Now, an illustrative example for why we have a scoping mechanism. Another reason has to do with the security technologies used to prove device identity. We support TPM attestation, and we provide a TPM emulator for developers who want to get started with a simulated device before they grab real hardware. The TPM emulator we publish to GitHub has the endorsement key hardcoded to a single value. It’s for development purposes only, so this shouldn’t be a big deal. This means that everyone following our tutorials will create a device with X = mydevice, Y = EK_github. This entry is unique to their DPS service, but not unique overall. When my tutorial device talks to the Device Provisioning Service and your tutorial device talks to the Device Provisioning Service, the service needs some way of telling the devices apart, hence the ID scope.
If we did require a unique (X, Y), a problem would arise when devices are created en masse, sit on a shelf for a year, and then are finally registered in the provisioning service. The (X, Y) of those devices might have already been registered in that period of time, especially if they are relatively common. Now these devices that have been sitting in storage are getting enrolled to a provisioning service, and the following happens:
- The enrollments are rejected because they exist in the global Device Provisioning Service already.

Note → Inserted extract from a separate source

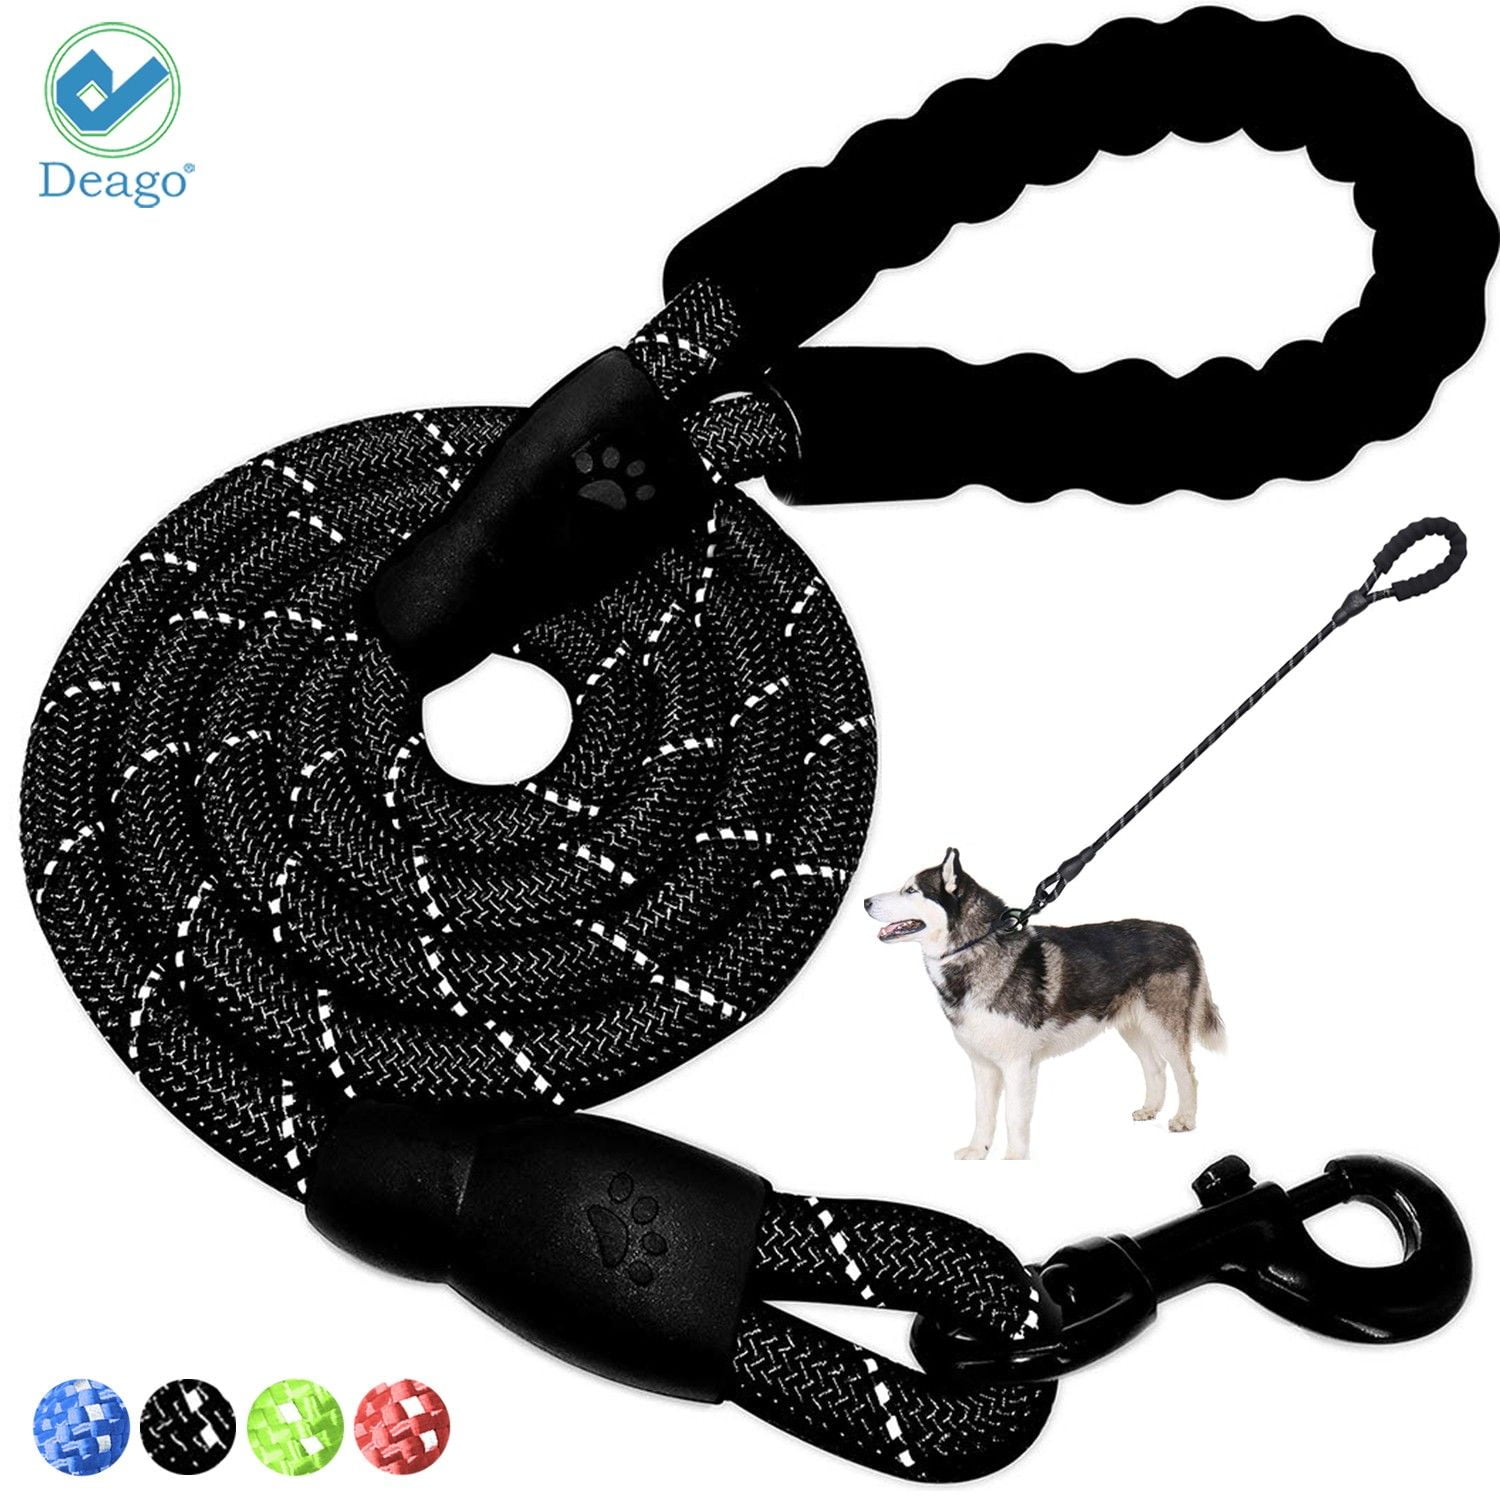 Comfortable Padded Handle Two Sets of Dog Leash 5 FT Thick Durable Nylon Rope Highly Reflective Threads Dog Leashes for Medium and Large Dogs Black Blue

- The warehoused devices hijack the identity of the new devices. The service has no way of telling the devices apart.
Unfortunately, this is super common in supply chains. Supply chains are important, so this is out.
Another example of a temporal delay between picking an ID and registering the ID is picking an email address (or a domain name), and password before actually signing up for that email address. The only difference is that IoT devices are incapable of picking a new identity, unlike humans who can just choose a new email address.
I'll introduce a new variable to my shorthand, so (X, Y, Z) is a single device in the service where Z = ID scope for a provisioning service. So my device is (mydevice, EK_github, myIdScope) and your device is (mydevice, EK_gitub, yourIdScope). These are unique, balance is restored to the universe, and I can sleep well at night.
We could require OEMs to take pains to ensure unique (X, Y) identities, but that's pushing a significant security burden onto customers who would much rather be secure by default. We want to make it as easy as possible for our customers to be secure, which means not giving our customers enough rope to hang themselves. So we need to have a Z.
Devices must know their (X, Y, Z) in order to present it to the Device Provisioning Service and be assigned to a hub. Devices are created with firmware including (X, Y, Z). There's no way for the device to discover its Z value either, because we've already determined that X and Y are not necessarily globally unique and we can’t do a unique lookup for a Z value. The device needs to be created with all three values set at the same time.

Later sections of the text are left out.